Vielerorts wurde er anfangs nur als billiger Richard Dean Anderson Ersatz gehandhabt - die Rede ist vom ehemaligen Farscape-Star Ben Browder.
Neuerdings verdient er seine Brötchen nämlich als Mitglied von SG-1 und hat wohl auch mittlerweile schon manchen Kritiker in seine Schranken verwiesen, denn er ist so viel mehr als nur ein Ersatz. Wie aber kam er zu Stargate? Browder traf einige der Serienproduzenten, die der festen Überzeugung waren, dass er genau das war, was SG-1 brauchte. "Nun, ich sagte ich schau mal in einige der Episoden rein und als wir uns dann einig waren, schaute ich die gesamte Serie. Und nun, da bin ich!", meint er dazu.
Er schaute sich die gesamte Serie (174 Episoden) an und das in einer Rekordzeit von zweieinhalb Wochen. Respekt, Herr Browder! Aber ist er denn noch bei gesundem Verstand? "Nun, zurechnungsfähig bin ich schon noch, aber womöglich habe ich mittlerweile einen Hirnschaden. Diese Menge an irgendeiner Art von TV ist potenziell schädlich. Die Familie hatte mich ab einem bestimmten Punkt zweifellos satt. Ich sagte, 'Der Fernseher gehört für zweieinhalb Wochen mir; geht raus und spielt was!'. So viel zum Thema elterliche Erziehung! Man verbringt sein Leben damit, seinen Kindern beizubringen, nicht immer vor dem Fernseher zu sitzen, und dann verbringt man selber zweieinhalb Wochen hauptsächlich auf der Couch. Gelegentlich warfen sie eine weitere Tüte Chips und ein paar Sodas herüber. Nun, ich dachte es wäre notwendig, wenn man zu einer Serie mit einer solch langen Lebenszeit dazustößt, wenigstens eine Arbeitsanleitung mit ihrer bisherigen Tätigkeit zu haben. Und falls es zu einem Gespräch kommt, an dem es unvermeidlich heißt, 'Okay, das ist bla bla bla', kannst du entgegnen, 'Oh ja, diese Episode hab ich gesehen!'"

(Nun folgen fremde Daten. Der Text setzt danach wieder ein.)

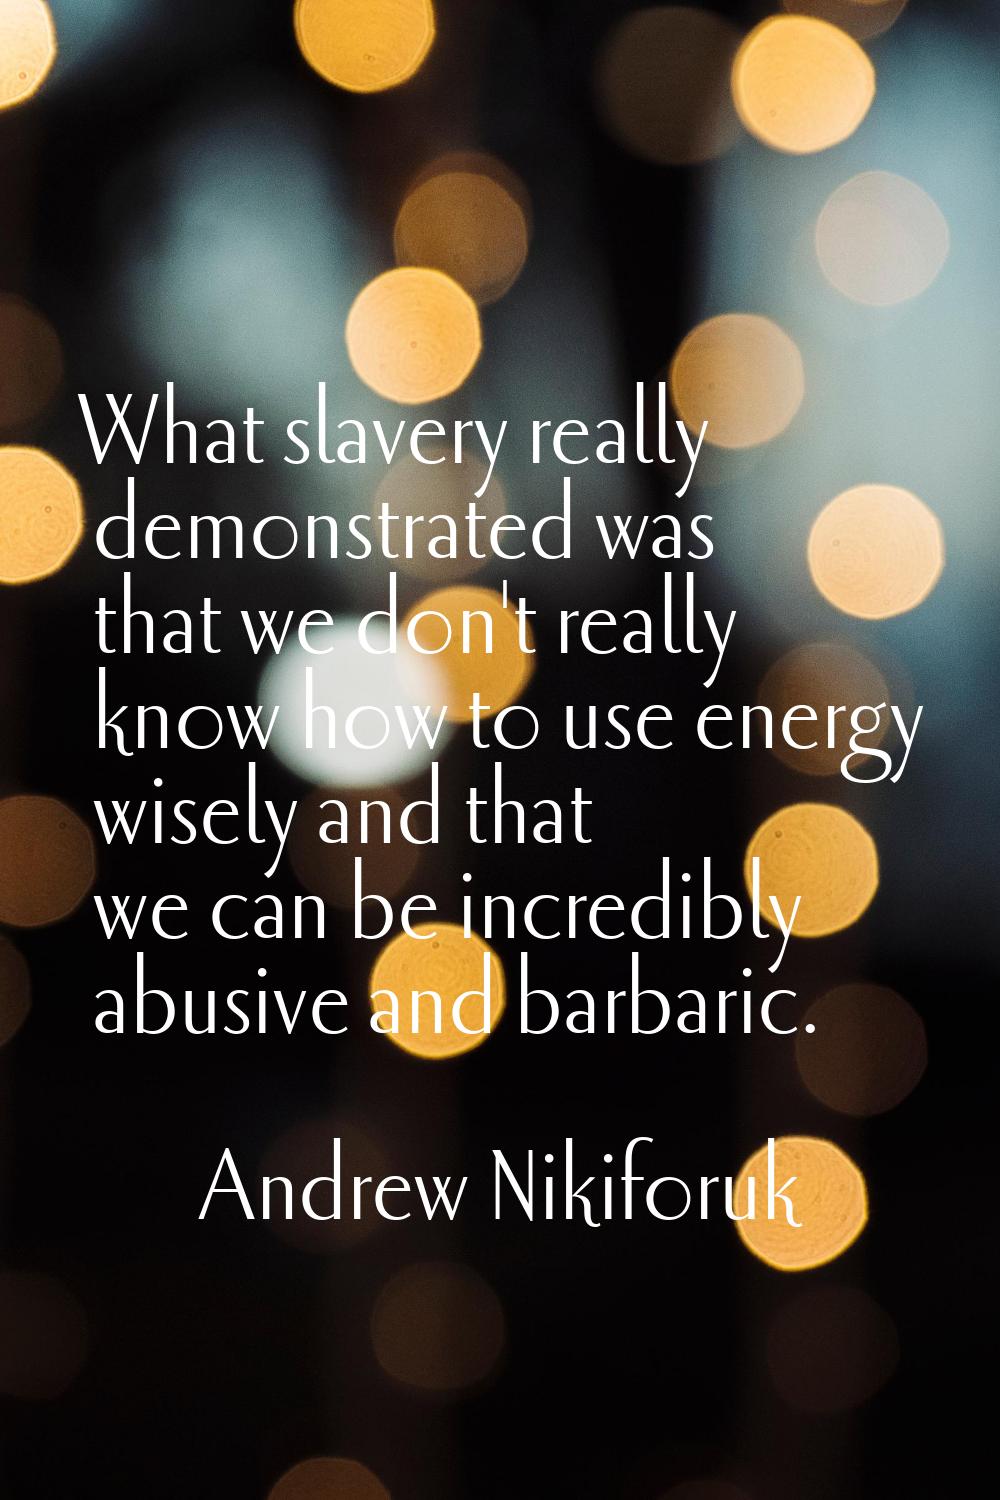 What slavery really demonstrated was that we don't really know how to use energy wisely and that we

Auf seine Ähnlichkeit zu seinem Co-Star Michael Shanks angesprochen, witzelt Browder, dass sie am Set auch immer wieder verwechselt würden und der Vollbart, mit dem Shanks zu Beginn der neunten Season aufwartete, mit Sicherheit dazu da war, um die beiden voneinander unterscheiden zu können. "Wir bewegen uns unterschiedlich und wir klingen auch unterschiedlich und wir ähneln uns vor der Kamera auch nicht so sehr. Ich kann jedenfalls sagen welcher ich bin. Gewöhnlich."
Auch wenn er sie manchmal vom Fernsehen abhält, Ben Browder ist seine Familie, und die Zeit, die er mit ihnen verbringen kann, sehr wichtig. "Du erhältst keine zweite Runde im Leben, also triffst du Entscheidungen, von denen du annimmst, sie wären die besten. Ich habe zwei Jobs und einer davon ist wichtiger als der andere; und der wichtigere ist der, den ich zuhause hab."